Welin Anna-Karin, Blad Sofia, Hagberg Henrik, Rosén K G, Kjellmer Ingemar, Mallard Carina
Department of Obstetrics and Gynecology, Perinatal Center, University of Göteborg, SE-416 85 Göteborg, Sweden.
Acta Obstet Gynecol Scand. 2005 Feb;84(2):122-8. doi: 10.1111/j.0001-6349.2005.00594.x.
Clinical studies show that analysis of the fetal electrocardiographic (FECG) ST waveform at term gives important information on the myocardial response to intrapartum asphyxia. However, it is not known whether the preterm fetus responds in a similar fashion. The objective of the present study was to evaluate the FECGST response to umbilical cord occlusion in the preterm fetal sheep.
Fetal sheep at midgestation were subjected to 25 min umbilical cord occlusion (n = 7) and compared to controls (n = 5). Changes in the FECGST waveform were recorded together with arterial blood pressure, heart rate, and acid base status during the occlusion and for 3 days afterward.
Umbilical cord occlusion resulted in immediate bradycardia (control: 187 +/- 7 bpm versus occlusion: 102 +/- 7 bpm), hypertension (control: 43.2 +/- 1.1 mmHg versus occlusion: 59.8 +/- 2.2 mmHg), and an initial increase in the T/QRS ratio (control: 0.10 +/- 0.02 versus occlusion: 0.60 +/- 0.10, P < 0.001), followed by hypotension (21.7 +/- 1.2 mmHg), normalization of the T/QRS ratio, and in some cases the development of negative T waves toward the end of the occlusion.
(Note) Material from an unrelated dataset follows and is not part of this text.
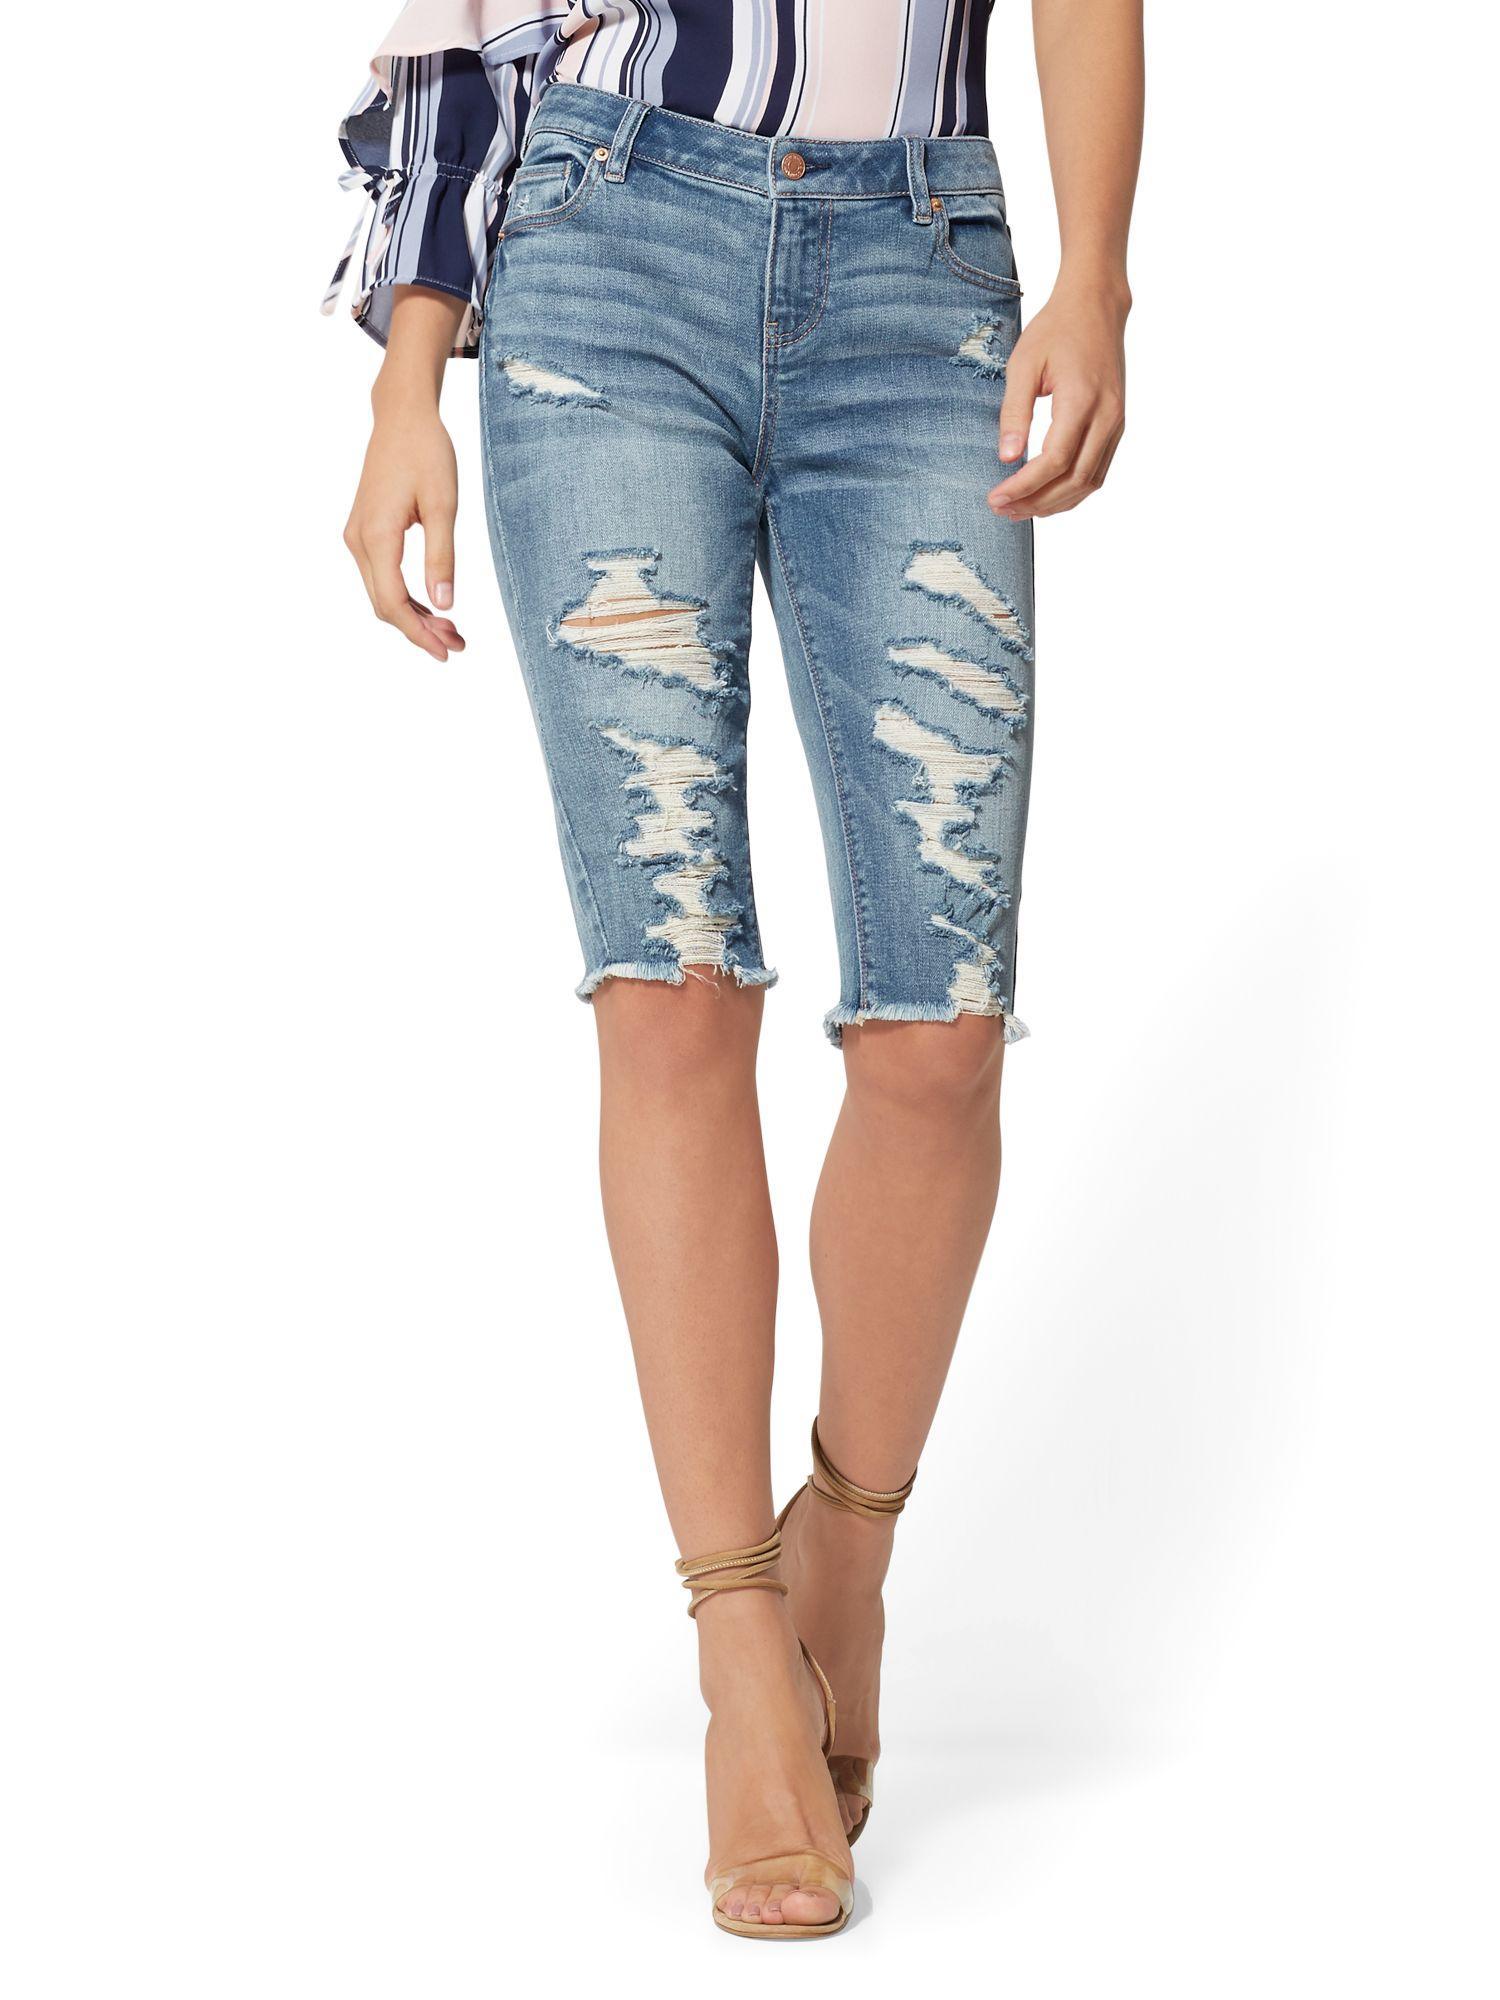 65fdbb5778 New York   Company. Women s Destroyed 14 Inch Bowery Bermuda Short - Boogie  Blue - Soho Jeans

These studies show that the midgestation fetal sheep has the capacity to react to umbilical cord occlusion with a significant increase in the amplitude of the ST waveform together with an augmentation of blood pressure, which then subsides as the occlusion continues. The appearance of negative ST segment appears to signify significant cardiac dysfunction. The characteristic progression of ST-waveform changes in response to umbilical cord occlusion in midgestation fetal sheep, suggests that monitoring the ST waveform may contribute clinically important information also in the preterm individual.
临床研究表明,足月时对胎儿心电图(FECG)ST段波形的分析可提供有关心肌对产时窒息反应的重要信息。然而,尚不清楚早产胎儿是否有类似的反应。本研究的目的是评估早产胎羊对脐带闭塞的FECG-ST反应。
对妊娠中期的胎羊进行25分钟的脐带闭塞(n = 7),并与对照组(n = 5)进行比较。在闭塞期间及之后3天记录FECG-ST波形的变化以及动脉血压、心率和酸碱状态。
脐带闭塞导致立即出现心动过缓(对照组:187±7次/分钟,闭塞组:102±7次/分钟)、高血压(对照组:43.2±1.1 mmHg,闭塞组:59.8±2.2 mmHg),T/QRS比值最初升高(对照组:0.10±0.02,闭塞组:0.60±0.10,P < 0.001),随后出现低血压(21.7±1.2 mmHg),T/QRS比值恢复正常,在某些情况下,闭塞末期出现负向T波。
这些研究表明,妊娠中期的胎羊对脐带闭塞有反应能力,ST段波形幅度显著增加,同时血压升高,随着闭塞持续,这种变化随后消退。负向ST段的出现似乎表明存在明显的心脏功能障碍。妊娠中期胎羊对脐带闭塞的ST段波形变化的特征性进展表明,监测ST段波形在临床上也可能为早产个体提供重要信息。